— Наверно, оттого, что я вырос в глуши, с детства проникся красотой русской народной музыки, что я до страсти люблю русский элемент во всех его проявлениях. Одним словом, оттого, что я — русский в полнейшем смысле этого слова. И это я говорю не рисуясь: перед тобой, любезный Николай Дмитриевич, знающий мой каждый шаг в музыке, мне бессмысленно рисоваться. Это я говорю, продолжая свой спор с Владимиром Васильевичем Стасовым, который считает меня композитором, лишенным ярко выраженной русской национальности.
— Как же он заблуждается, этот наш богатырь, перед которым я всегда в почтении склоняю голову, — с горячностью завзятого спорщика заявляет Кашкин. — Как будто истинная национальность состоит в описании сарафана. Гоголь правильно сказал: "Поэт, — а я добавлю, и музыкант тоже, — может быть и тогда национален, когда описывает совершенно сторонний мир, но глядит на него глазами своей национальной стихии, глазами всего народа, когда чувствует и говорит так, что соотечественникам его кажется, будто это чувствуют и говорят они сами…"

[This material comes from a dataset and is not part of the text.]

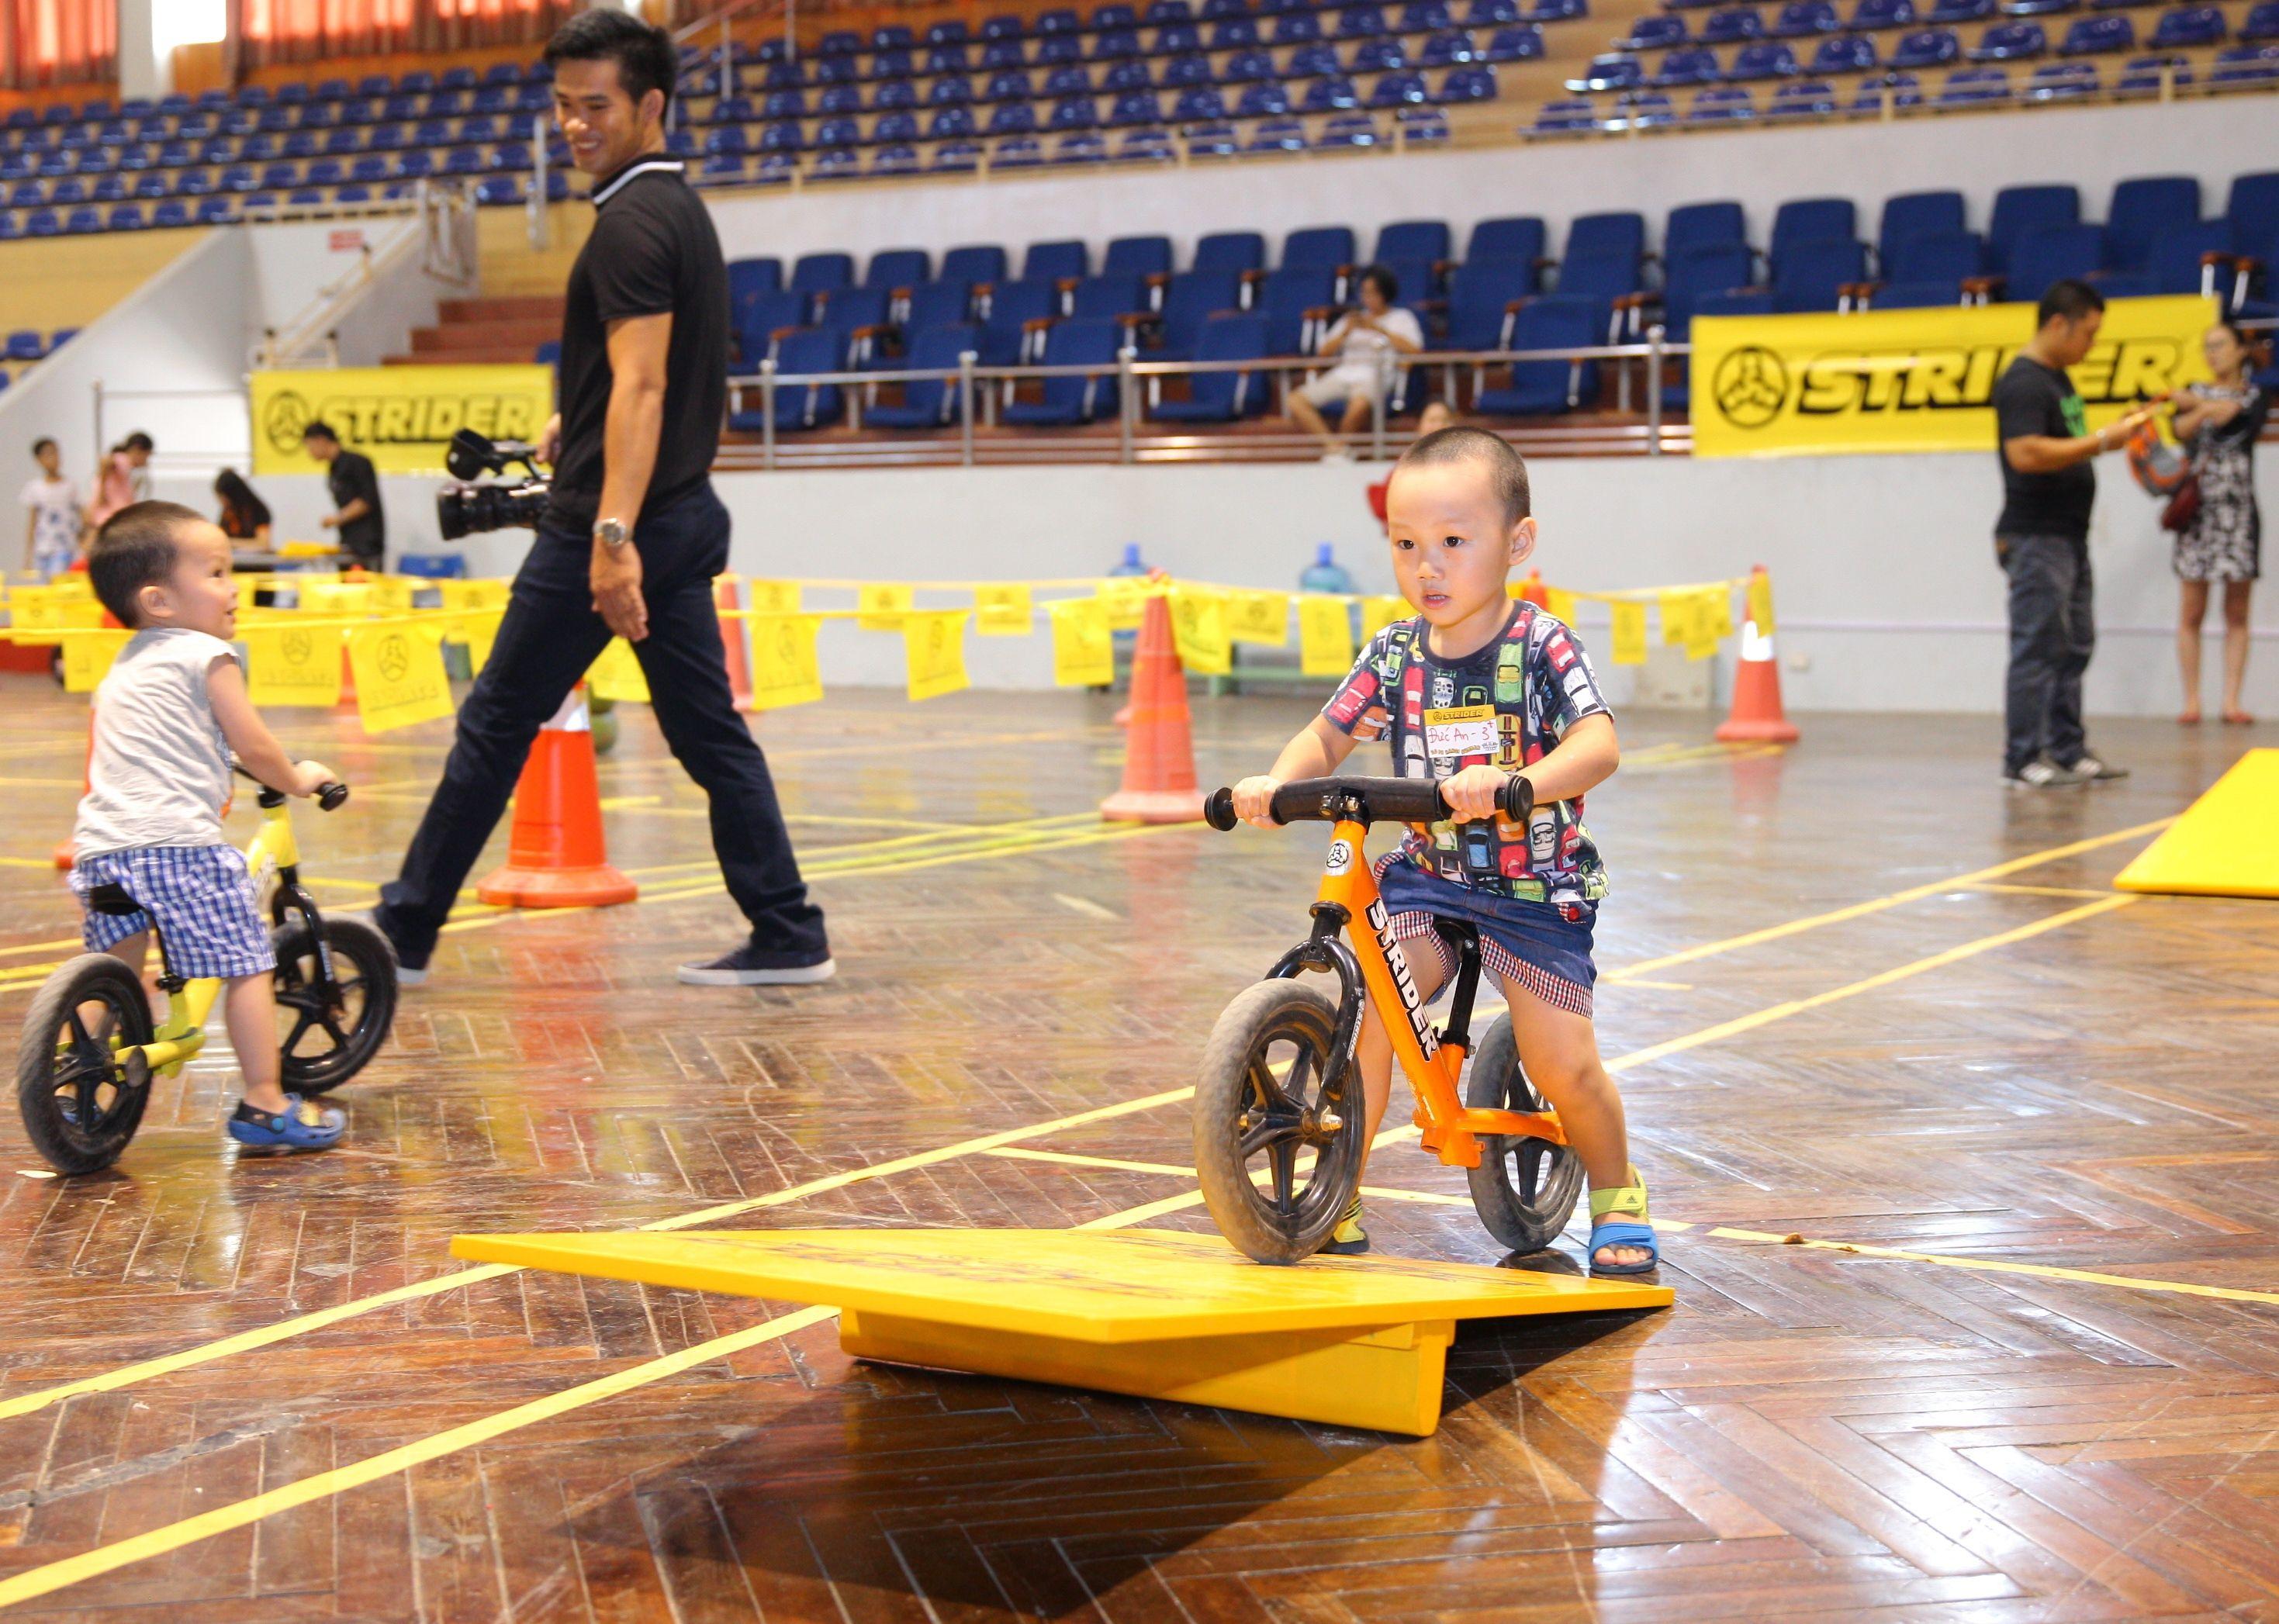 Strider 2016 Summer Race In Hanoi Vietnam Going Over The

— Все это верно. — Чайковский горестно вздыхает. — Однако кое-кто из "Могучей кучки", как ты знаешь, считает меня космополитом. Ну, например, Цезарь Кюи. Это потому, что я не пренебрегаю всем талантливым и ярким, созданным на Западе, что и оттуда я могу почерпнуть не просто полезное, а необходимое для творчества. Если честно, то мне чужд дух узкого национализма.
— Ну, "кучкисты" готовы отрицать все музыкальные традиции, кроме разве что Глинки. К тому же наверняка они ставят тебе в вину твое консерваторское образование.
Чайковский кивает головой.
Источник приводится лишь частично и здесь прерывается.